* _Supplied data_:
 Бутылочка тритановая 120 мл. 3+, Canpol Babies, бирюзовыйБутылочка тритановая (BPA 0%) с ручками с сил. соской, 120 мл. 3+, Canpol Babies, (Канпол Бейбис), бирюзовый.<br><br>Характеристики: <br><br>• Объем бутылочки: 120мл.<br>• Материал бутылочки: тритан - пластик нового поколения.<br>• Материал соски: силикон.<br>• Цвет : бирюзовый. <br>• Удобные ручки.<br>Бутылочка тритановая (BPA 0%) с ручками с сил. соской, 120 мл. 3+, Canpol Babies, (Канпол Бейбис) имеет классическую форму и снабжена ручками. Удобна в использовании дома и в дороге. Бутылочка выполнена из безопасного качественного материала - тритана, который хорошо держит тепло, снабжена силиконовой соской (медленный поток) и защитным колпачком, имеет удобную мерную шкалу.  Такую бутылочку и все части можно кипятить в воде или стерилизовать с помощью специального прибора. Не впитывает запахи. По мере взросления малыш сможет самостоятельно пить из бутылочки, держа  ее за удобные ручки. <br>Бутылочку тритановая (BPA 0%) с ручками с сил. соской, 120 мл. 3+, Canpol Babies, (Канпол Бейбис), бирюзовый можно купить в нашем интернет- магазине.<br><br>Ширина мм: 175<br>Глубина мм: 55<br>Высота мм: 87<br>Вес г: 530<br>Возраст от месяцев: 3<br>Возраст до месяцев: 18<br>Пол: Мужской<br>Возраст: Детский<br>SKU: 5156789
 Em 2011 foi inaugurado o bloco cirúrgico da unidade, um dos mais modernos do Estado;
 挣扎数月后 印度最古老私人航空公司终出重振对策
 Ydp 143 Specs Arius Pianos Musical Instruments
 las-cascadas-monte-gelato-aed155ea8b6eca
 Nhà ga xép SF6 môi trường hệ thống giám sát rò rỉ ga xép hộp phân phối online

* _Required action_: Retype the records that precede this task, keeping them exactly the same.

* _Written solution_:
 Бутылочка тритановая 120 мл. 3+, Canpol Babies, бирюзовыйБутылочка тритановая (BPA 0%) с ручками с сил. соской, 120 мл. 3+, Canpol Babies, (Канпол Бейбис), бирюзовый.<br><br>Характеристики: <br><br>• Объем бутылочки: 120мл.<br>• Материал бутылочки: тритан - пластик нового поколения.<br>• Материал соски: силикон.<br>• Цвет : бирюзовый. <br>• Удобные ручки.<br>Бутылочка тритановая (BPA 0%) с ручками с сил. соской, 120 мл. 3+, Canpol Babies, (Канпол Бейбис) имеет классическую форму и снабжена ручками. Удобна в использовании дома и в дороге. Бутылочка выполнена из безопасного качественного материала - тритана, который хорошо держит тепло, снабжена силиконовой соской (медленный поток) и защитным колпачком, имеет удобную мерную шкалу.  Такую бутылочку и все части можно кипятить в воде или стерилизовать с помощью специального прибора. Не впитывает запахи. По мере взросления малыш сможет самостоятельно пить из бутылочки, держа  ее за удобные ручки. <br>Бутылочку тритановая (BPA 0%) с ручками с сил. соской, 120 мл. 3+, Canpol Babies, (Канпол Бейбис), бирюзовый можно купить в нашем интернет- магазине.<br><br>Ширина мм: 175<br>Глубина мм: 55<br>Высота мм: 87<br>Вес г: 530<br>Возраст от месяцев: 3<br>Возраст до месяцев: 18<br>Пол: Мужской<br>Возраст: Детский<br>SKU: 5156789
 Em 2011 foi inaugurado o bloco cirúrgico da unidade, um dos mais modernos do Estado;
 挣扎数月后 印度最古老私人航空公司终出重振对策
 Ydp 143 Specs Arius Pianos Musical Instruments
 las-cascadas-monte-gelato-aed155ea8b6eca
 Nhà ga xép SF6 môi trường hệ thống giám sát rò rỉ ga xép hộp phân phối online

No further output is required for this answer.